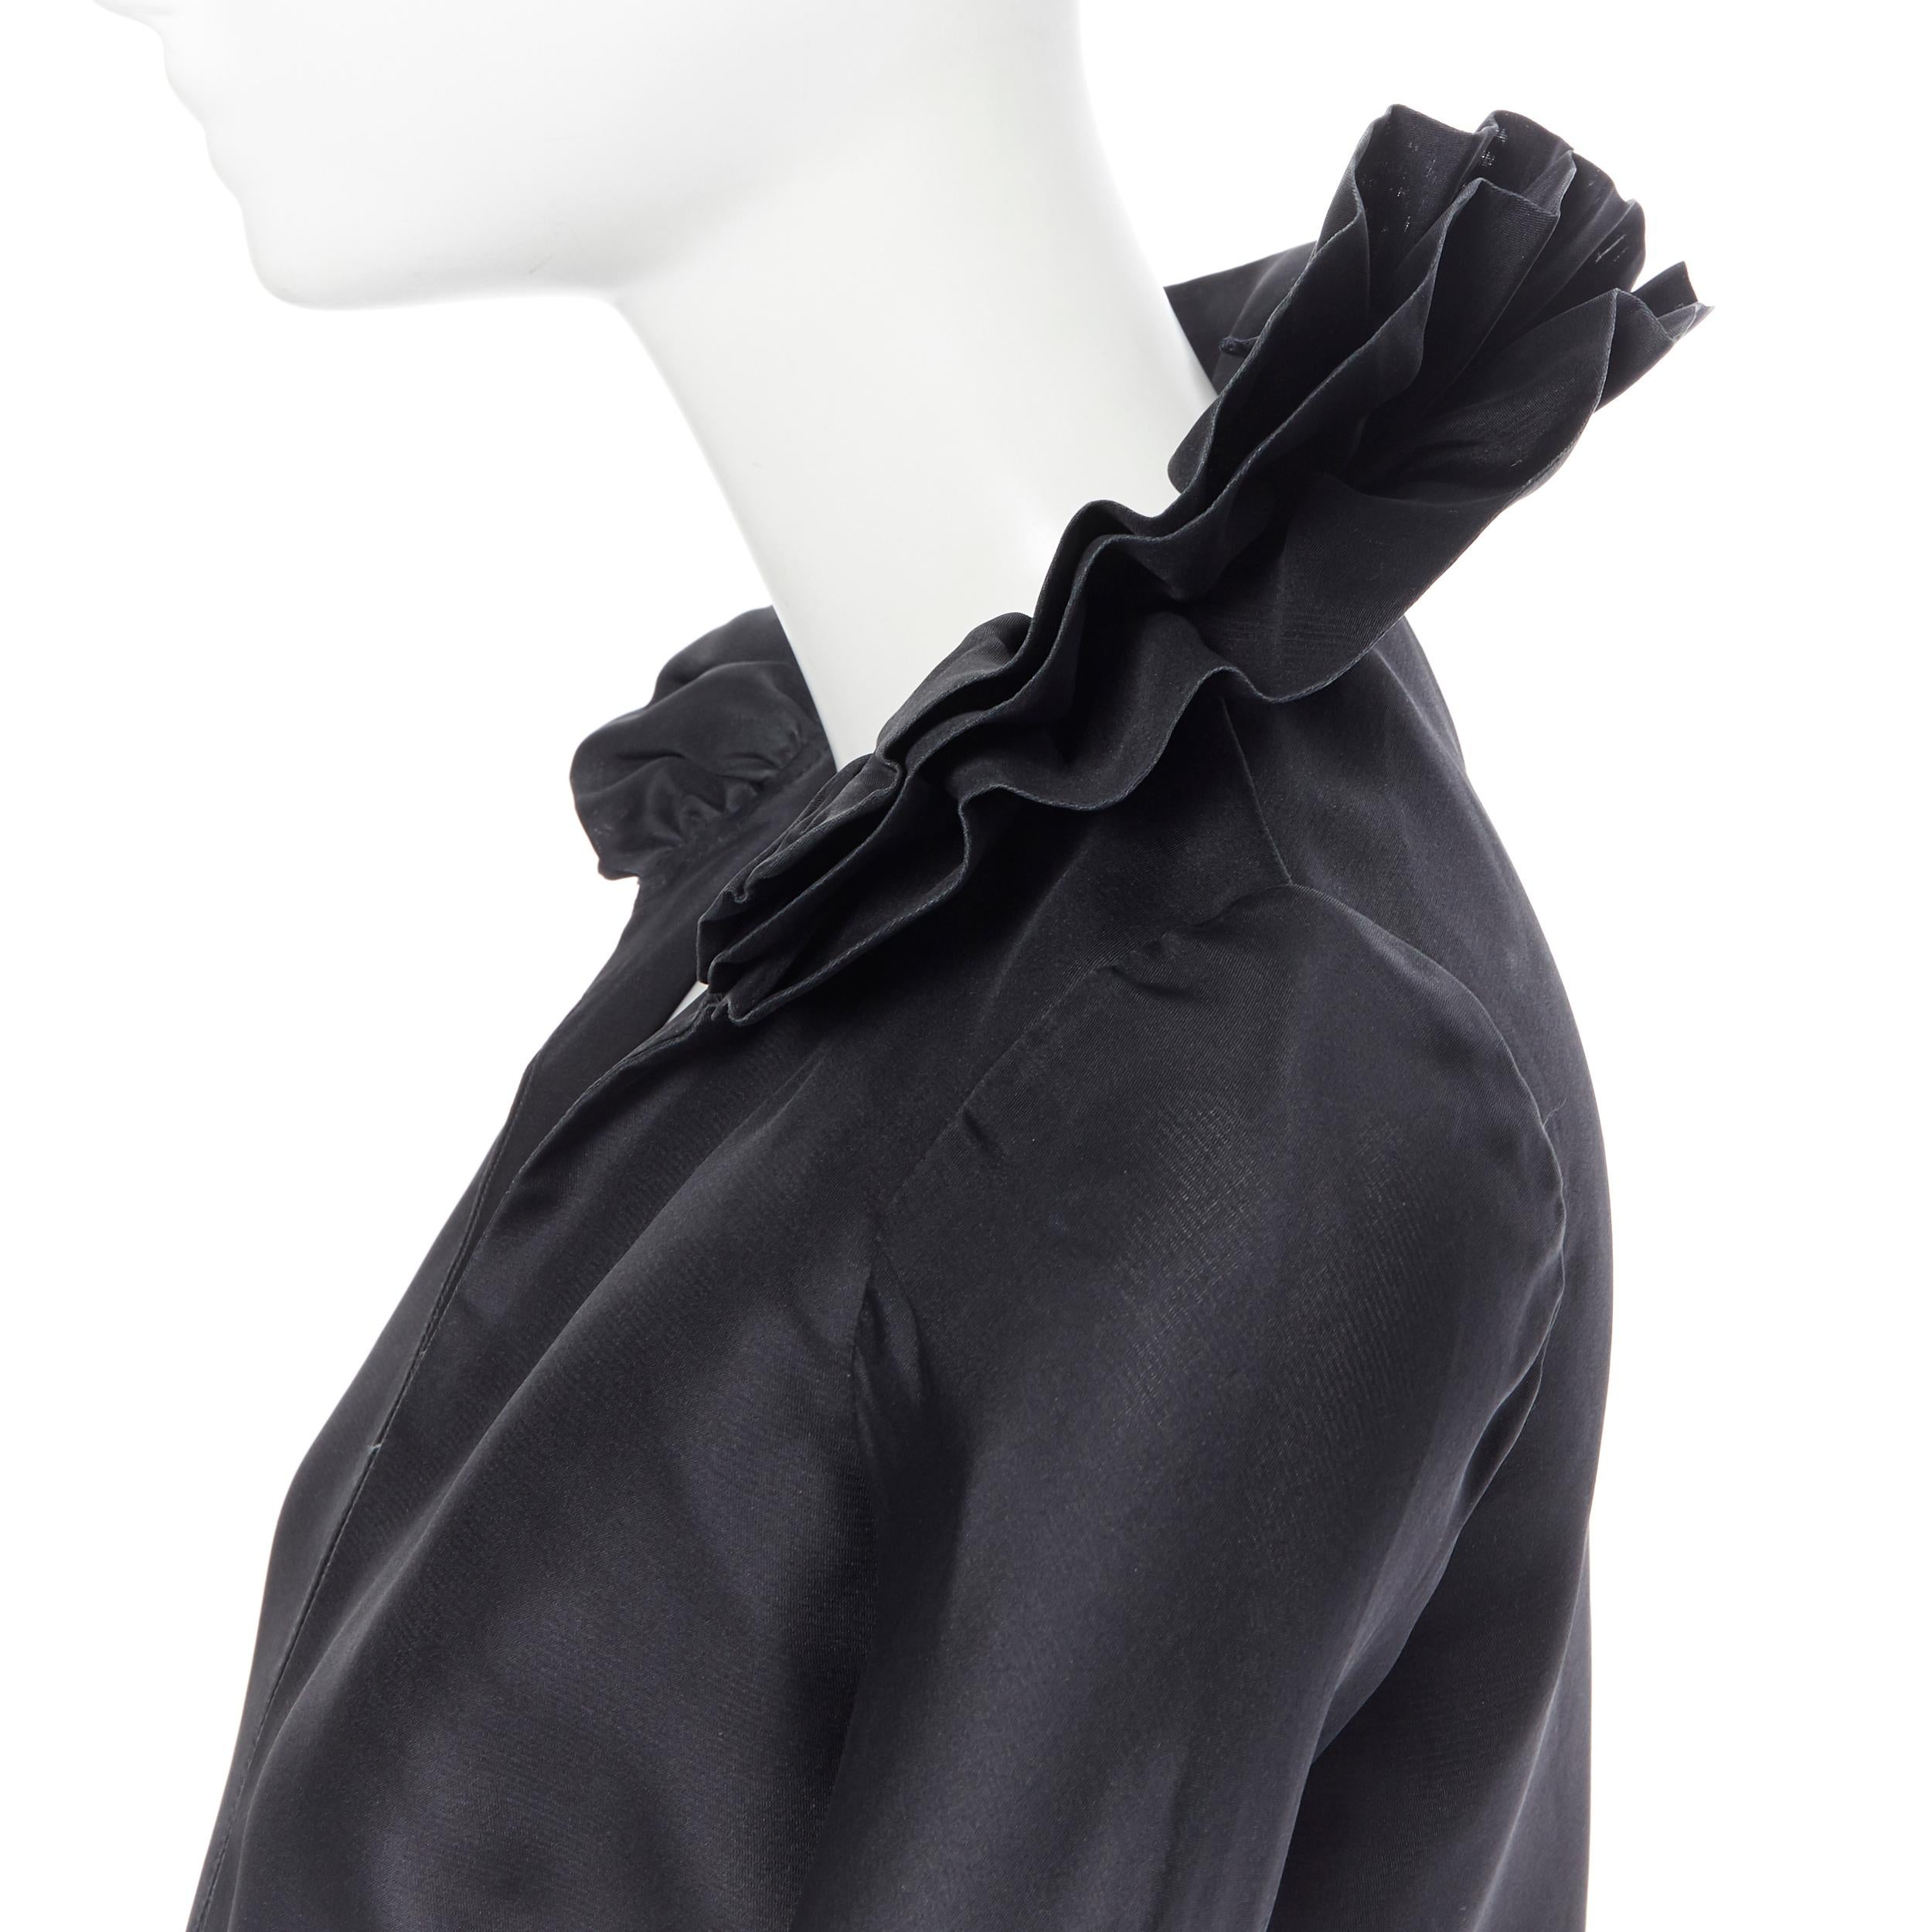 GUCCI TOM FORD AW00 Vintage 100% silk black Victorian plunge neck ruffle dress M
Brand: Gucci
Designer: Tom Ford
Collection: Fall Winter 2000 Runway
Model Name / Style: Silk dress
Material: Silk
Color: Black
Pattern: Solid
Closure: Zip
Extra Detail:
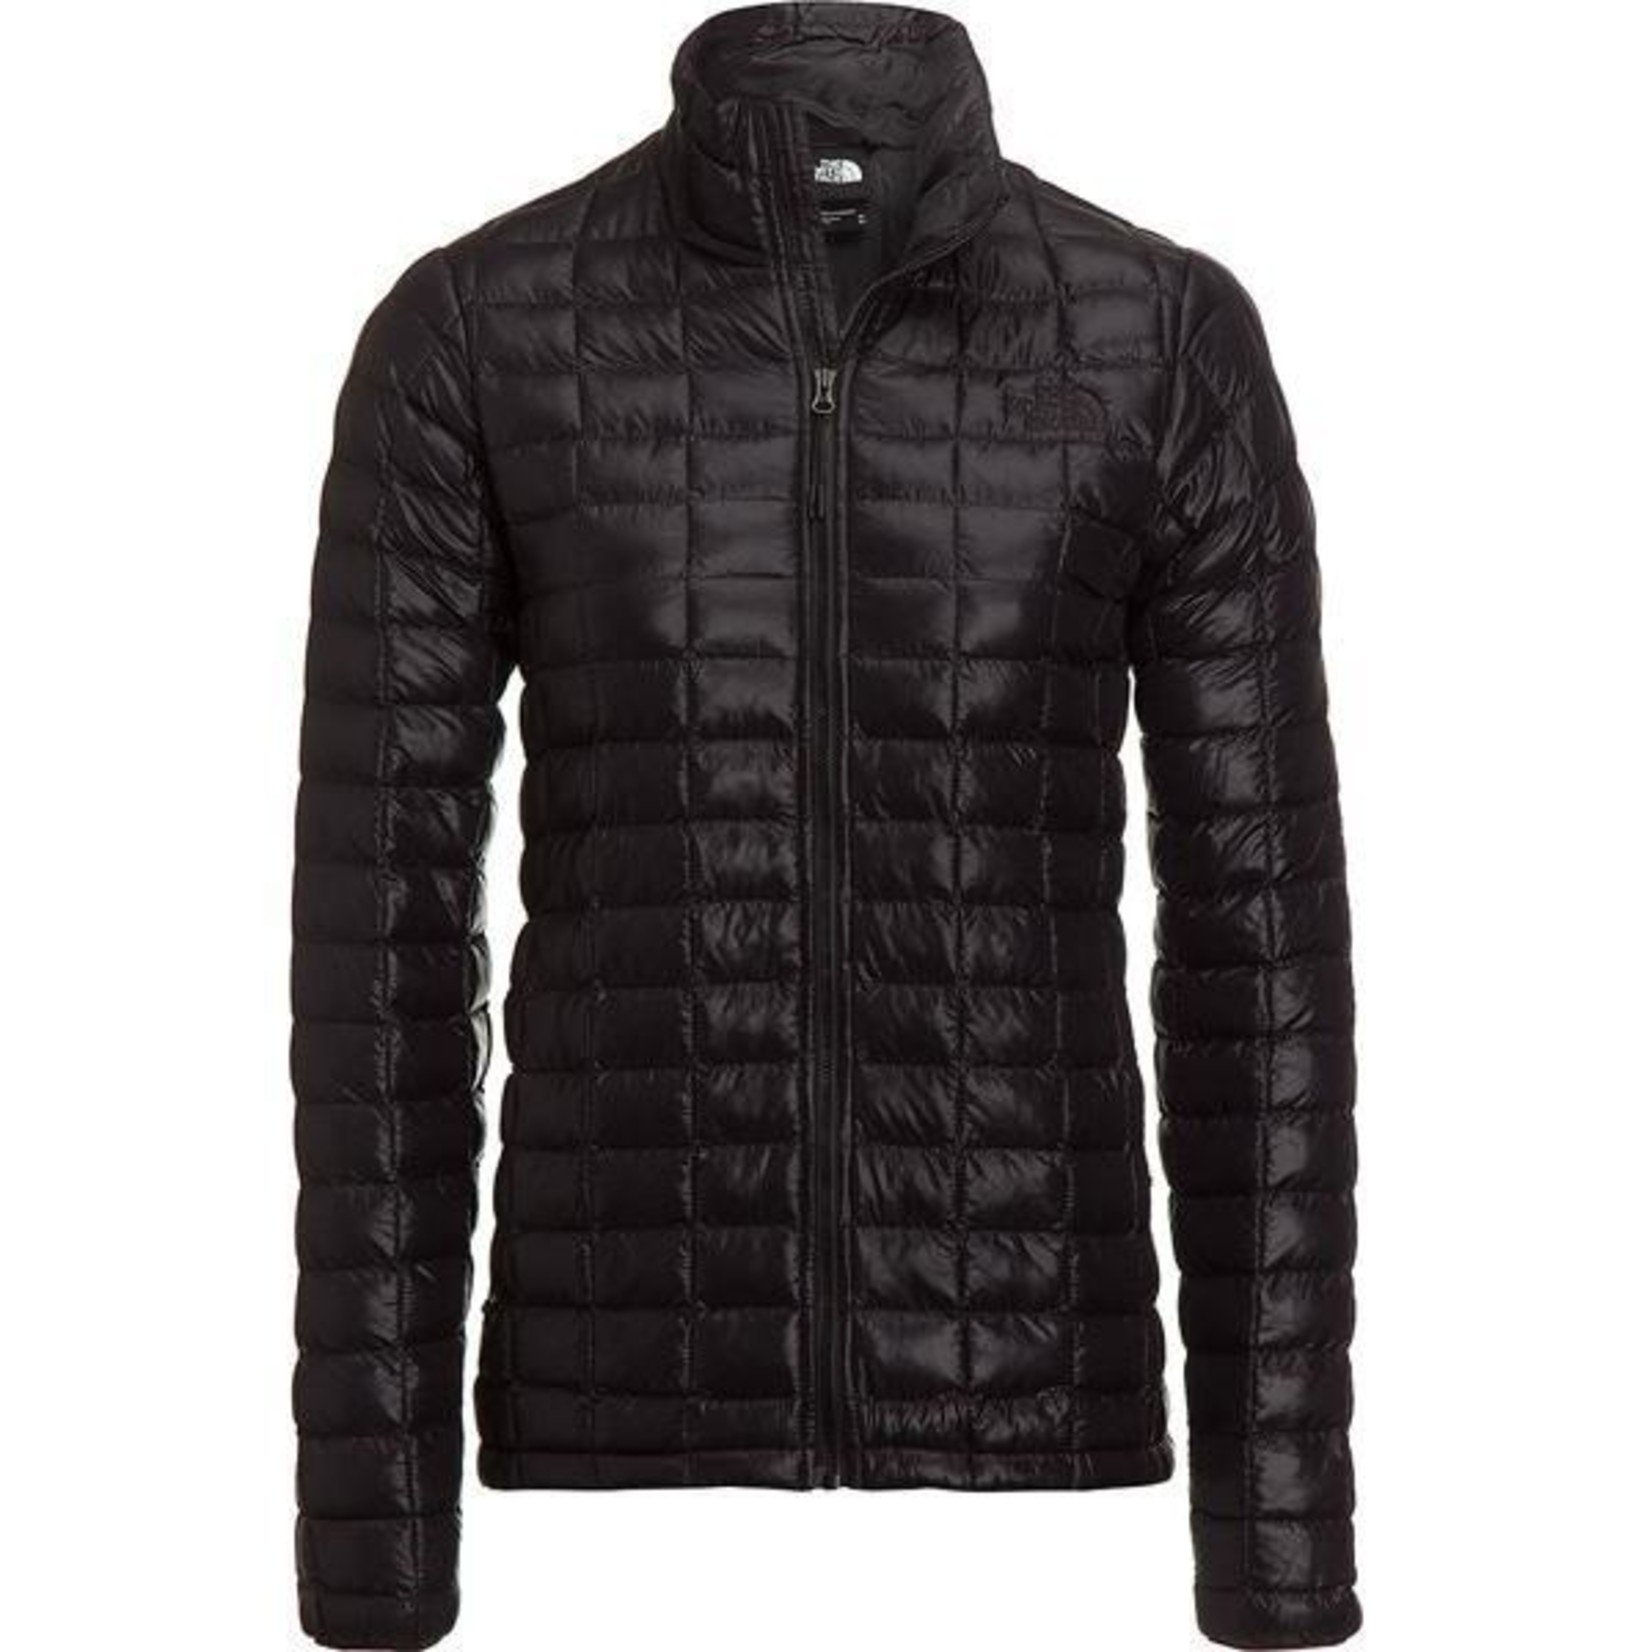 The North Face Women's ThermoBall ECO Jacket
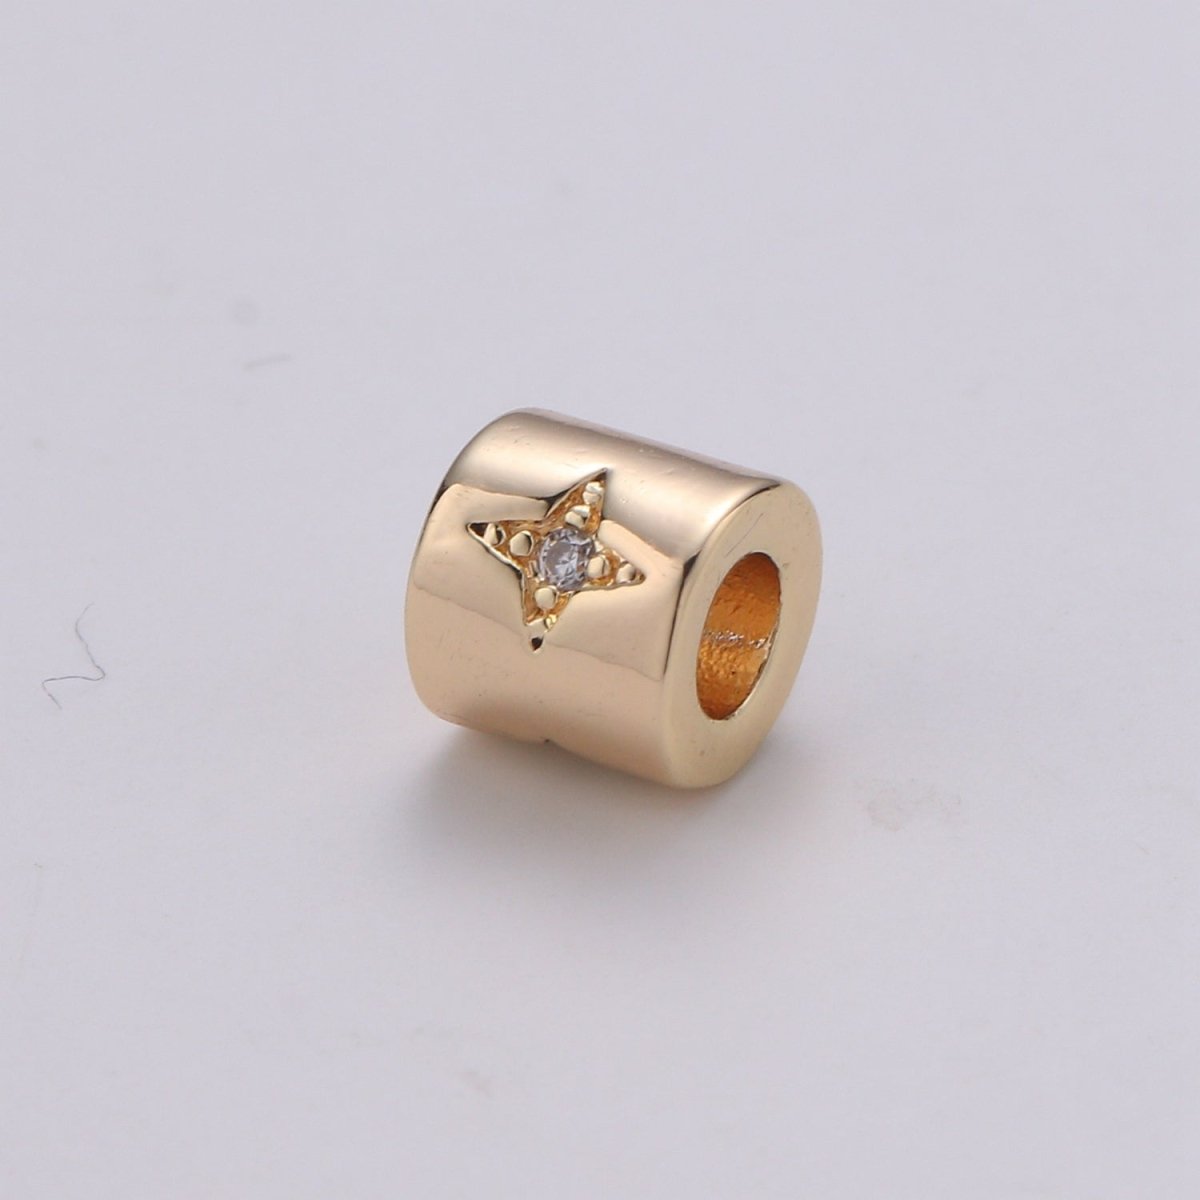 Tiny Beads 6mm Bead CZ Gold Beads Star Beads cylinder Cubic Beads for Bracelet Necklace Supply Large Hole Beads 3mm hole - DLUXCA
——
• [AIM OF THE TASK]:
Transcribe every line of the records exactly. Pictures do not belong in the copy.

• [EXERCISE ANSWER]:
 GUCCI TOM FORD AW00 Vintage 100% silk black Victorian plunge neck ruffle dress M
Brand: Gucci
Designer: Tom Ford
Collection: Fall Winter 2000 Runway
Model Name / Style: Silk dress
Material: Silk
Color: Black
Pattern: Solid
Closure: Zip
Extra Detail:
 The North Face Women's ThermoBall ECO Jacket
 Tiny Beads 6mm Bead CZ Gold Beads Star Beads cylinder Cubic Beads for Bracelet Necklace Supply Large Hole Beads 3mm hole - DLUXCA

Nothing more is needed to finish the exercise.